**Materials provided:**
::::::

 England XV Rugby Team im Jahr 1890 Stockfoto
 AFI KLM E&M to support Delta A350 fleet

::::::

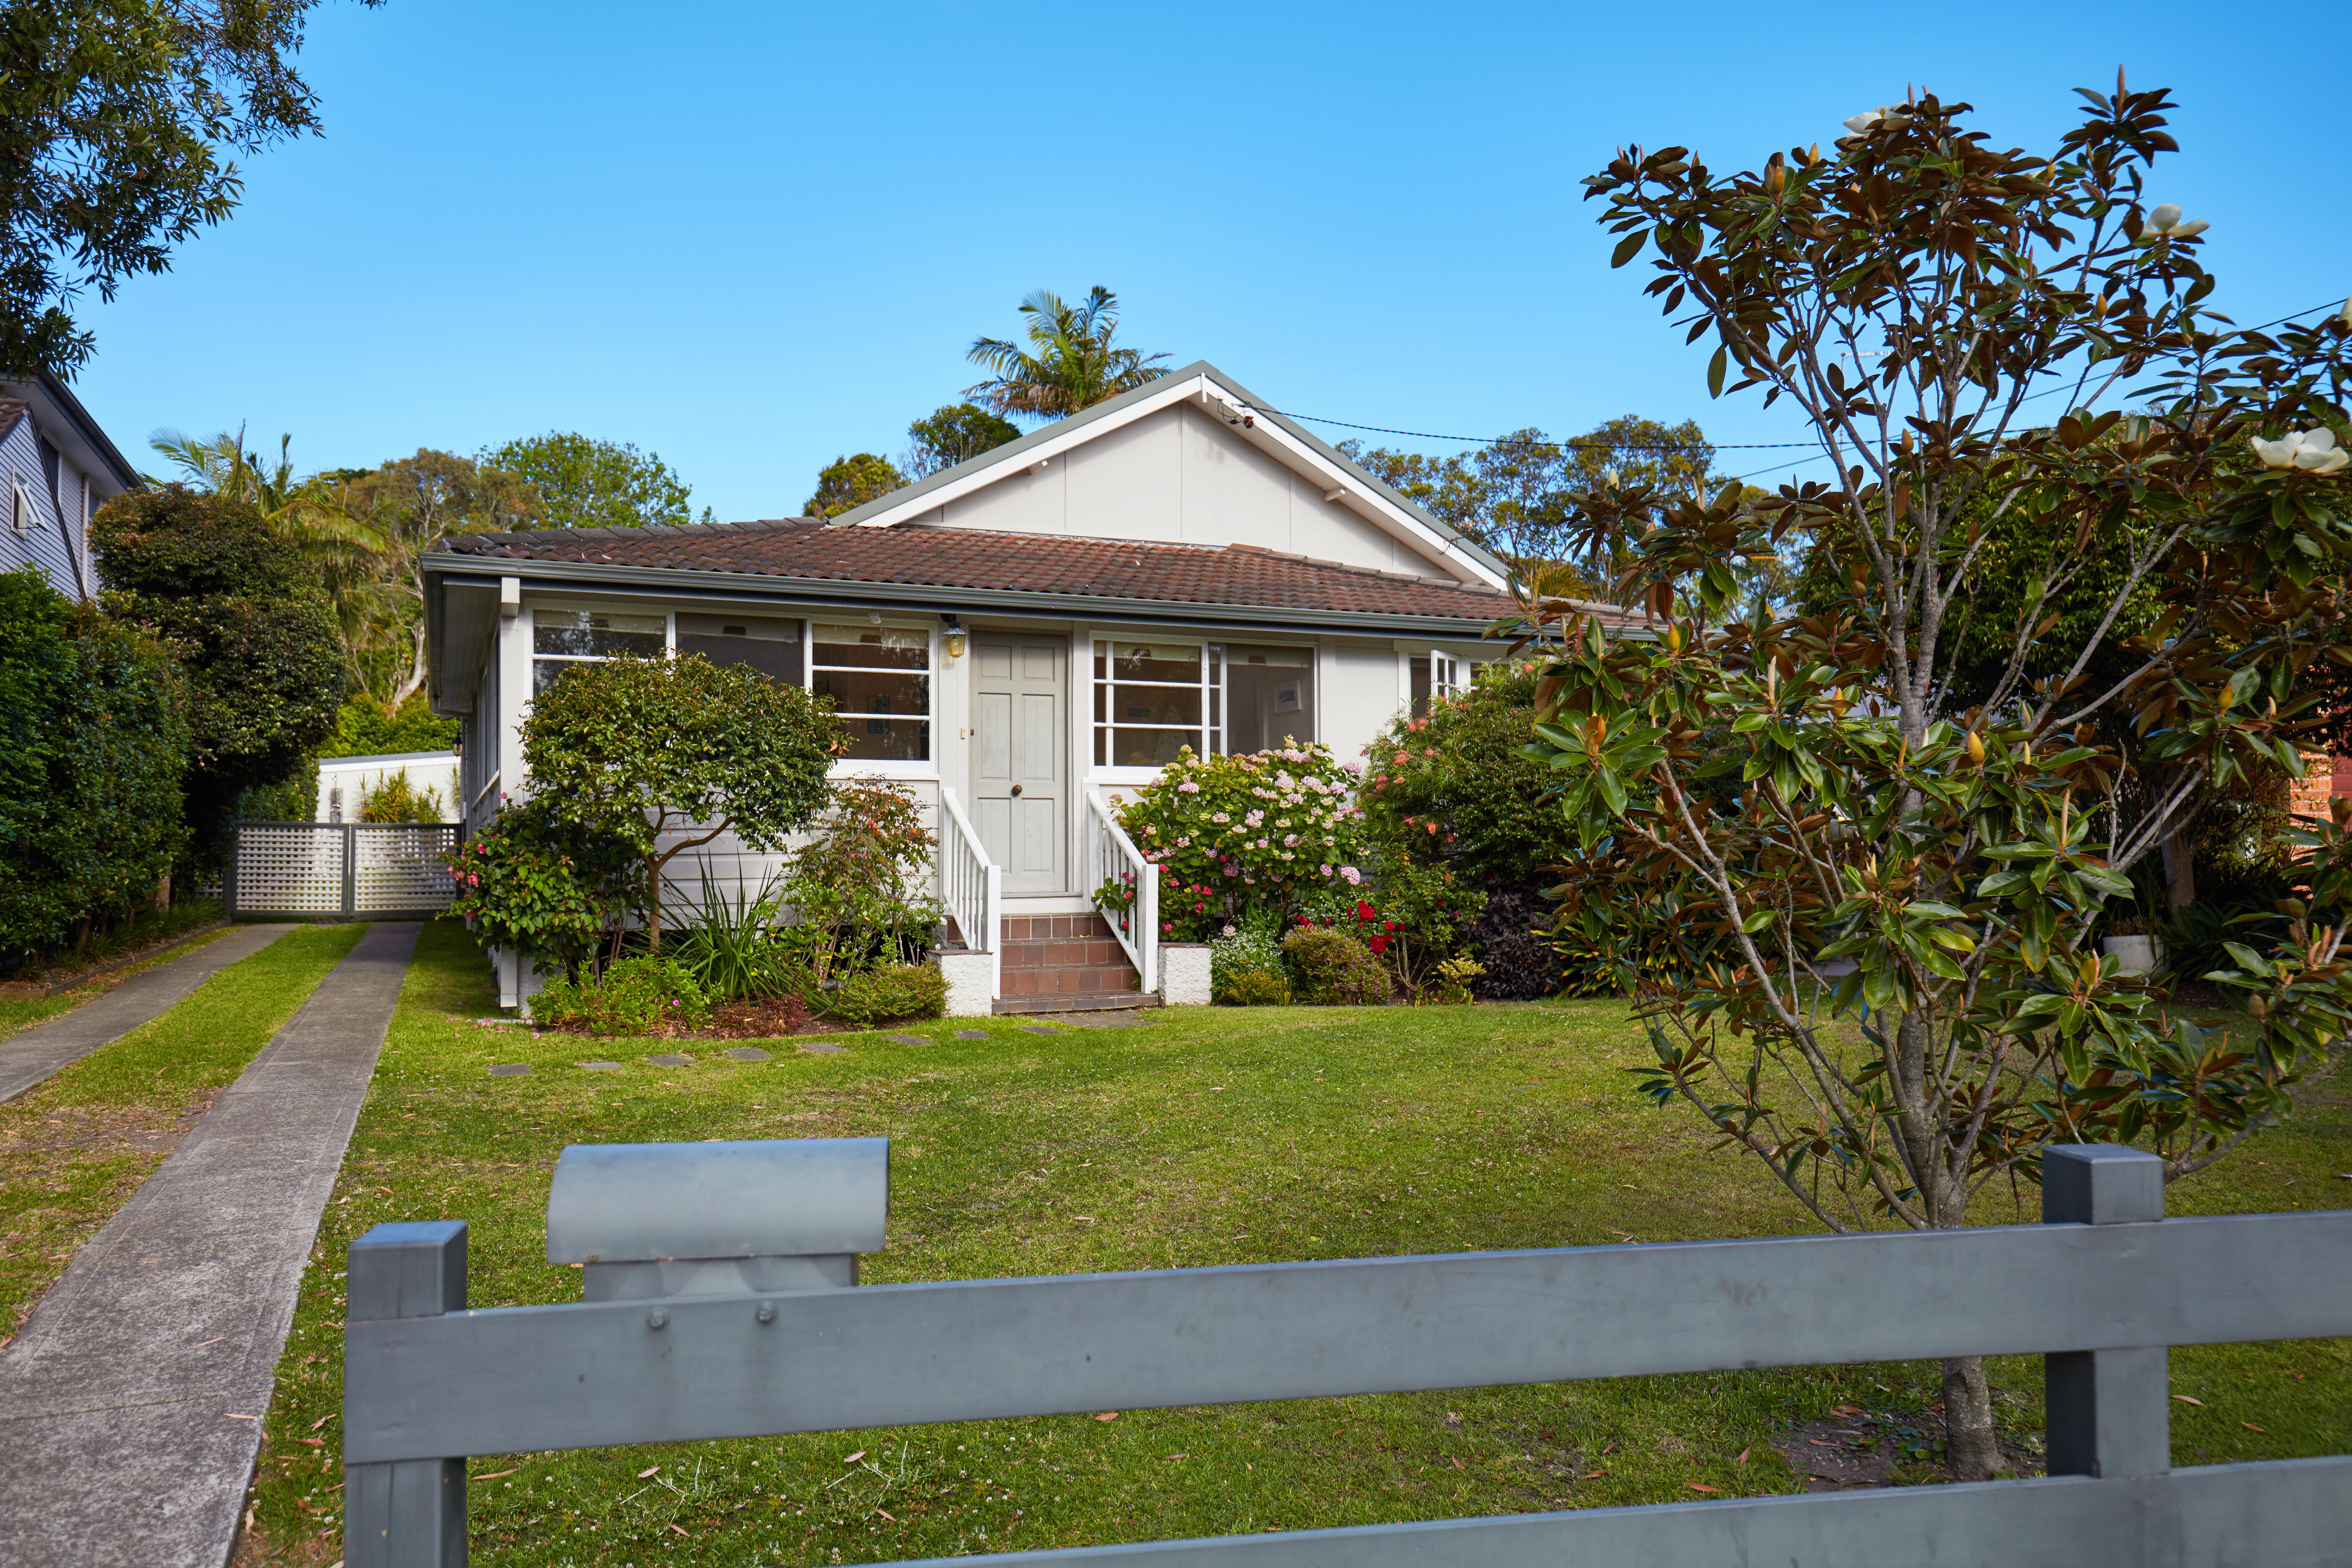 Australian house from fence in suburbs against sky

::::::

**Exercise aim:**
Start with the line above that contains "England XV Rugby Team im Jahr 1890 Stockfoto" and stop after the line that contains "AFI KLM E&M to support Delta A350 fleet". Output those lines exactly, and only those.

**Result:**
 England XV Rugby Team im Jahr 1890 Stockfoto
 AFI KLM E&M to support Delta A350 fleet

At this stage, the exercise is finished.